**WHAT IS BEING ASKED**
The data must be reproduced verbatim; images are to be omitted.

----- SOURCE MATERIAL -----

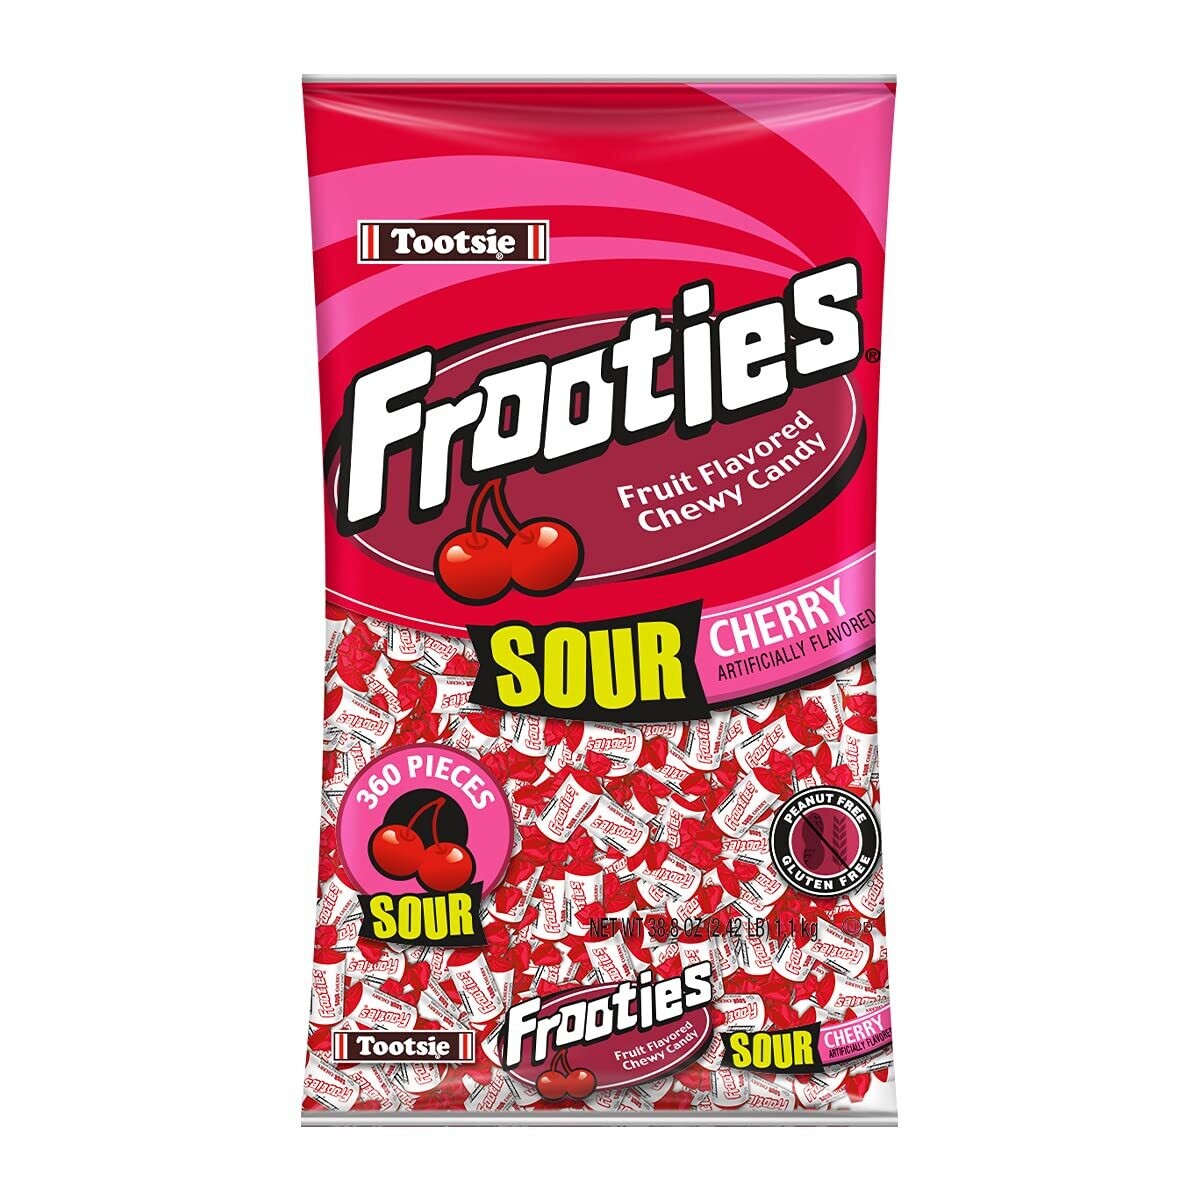 Tootsie Frooties 360ct Sour Cherry
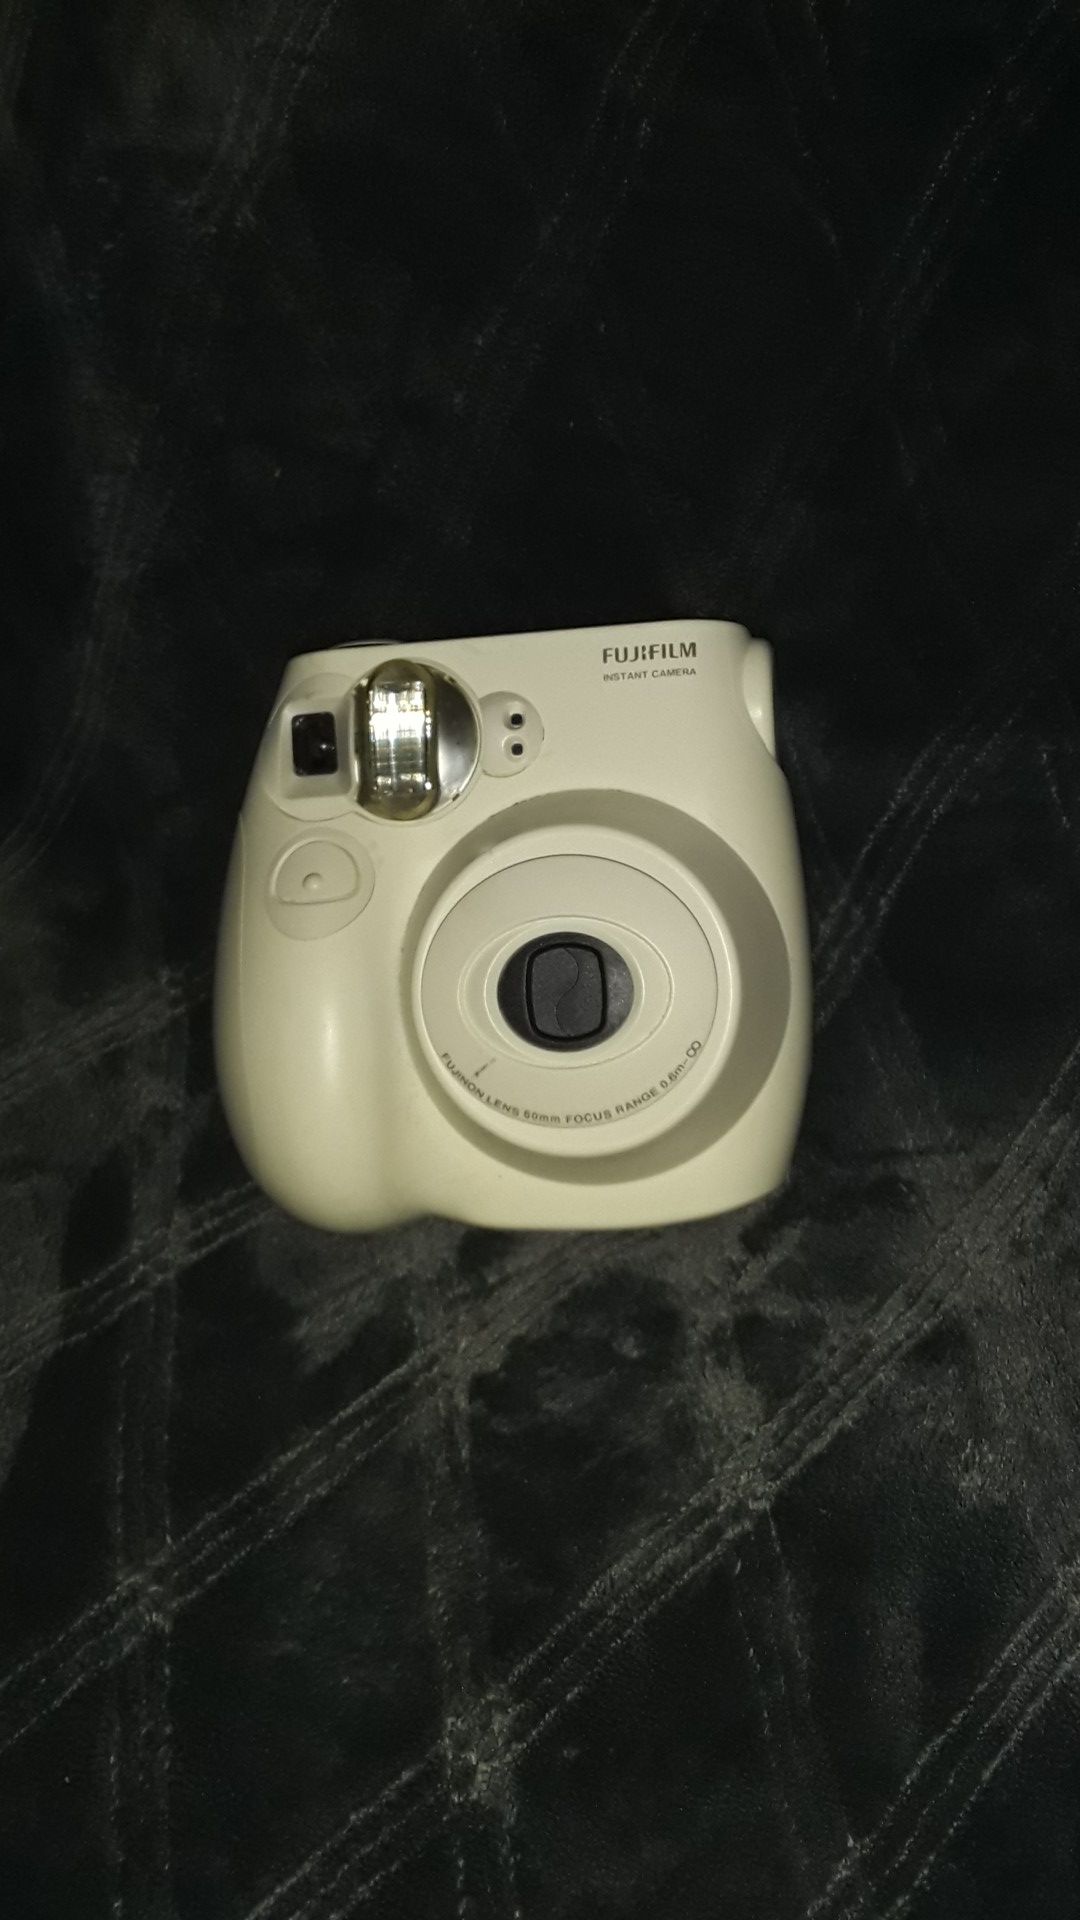 Fuji film instax camera
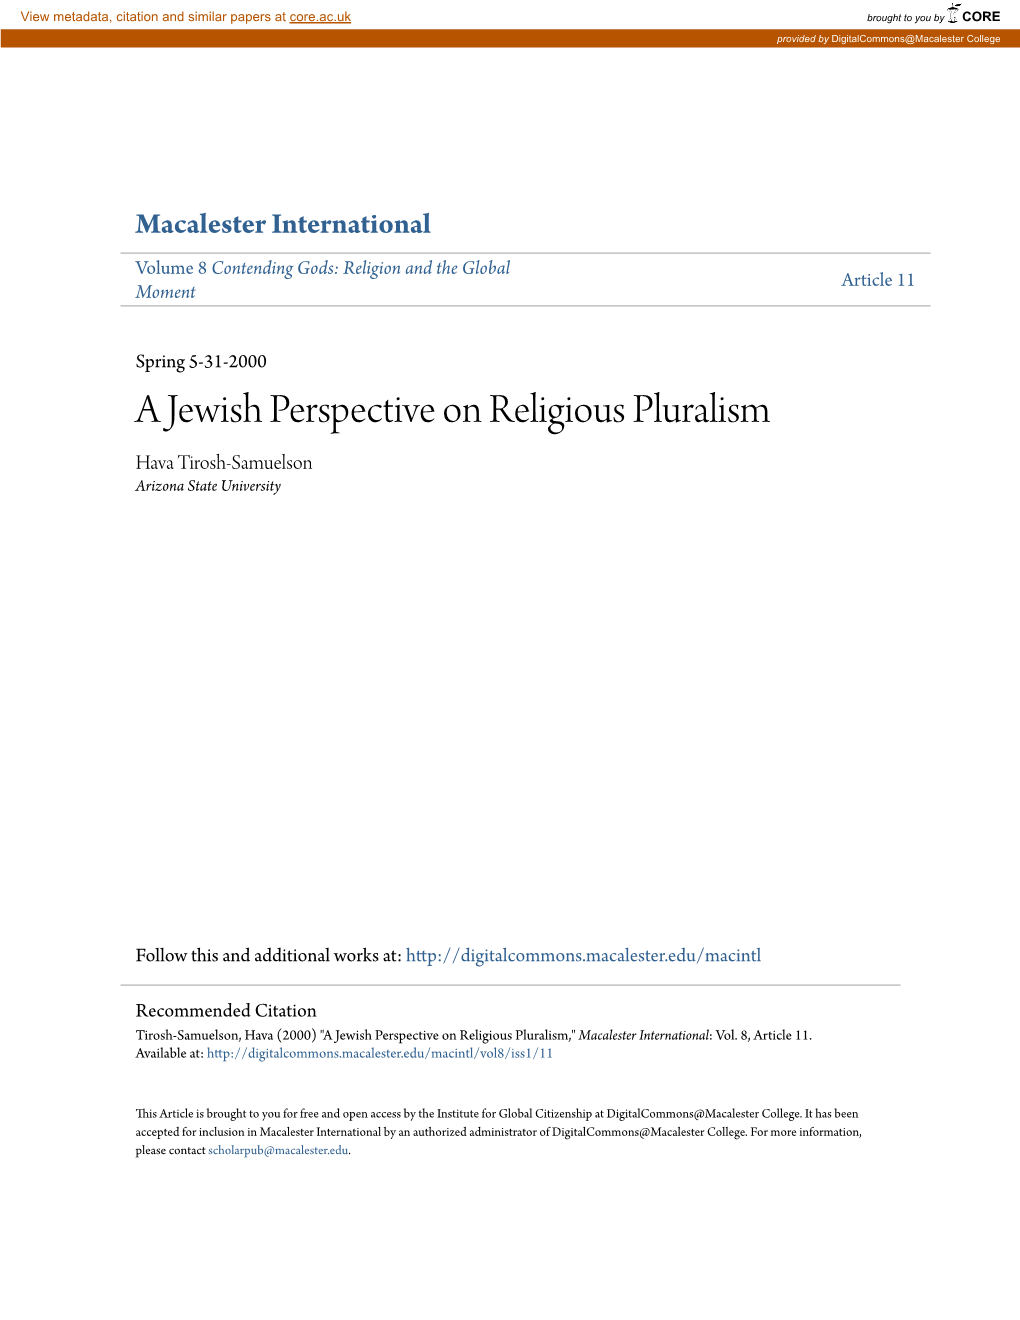 A Jewish Perspective on Religious Pluralism Hava Tirosh-Samuelson Arizona State University

-----

**ANSWER**
 Tootsie Frooties 360ct Sour Cherry
 Fuji film instax camera
 A Jewish Perspective on Religious Pluralism Hava Tirosh-Samuelson Arizona State University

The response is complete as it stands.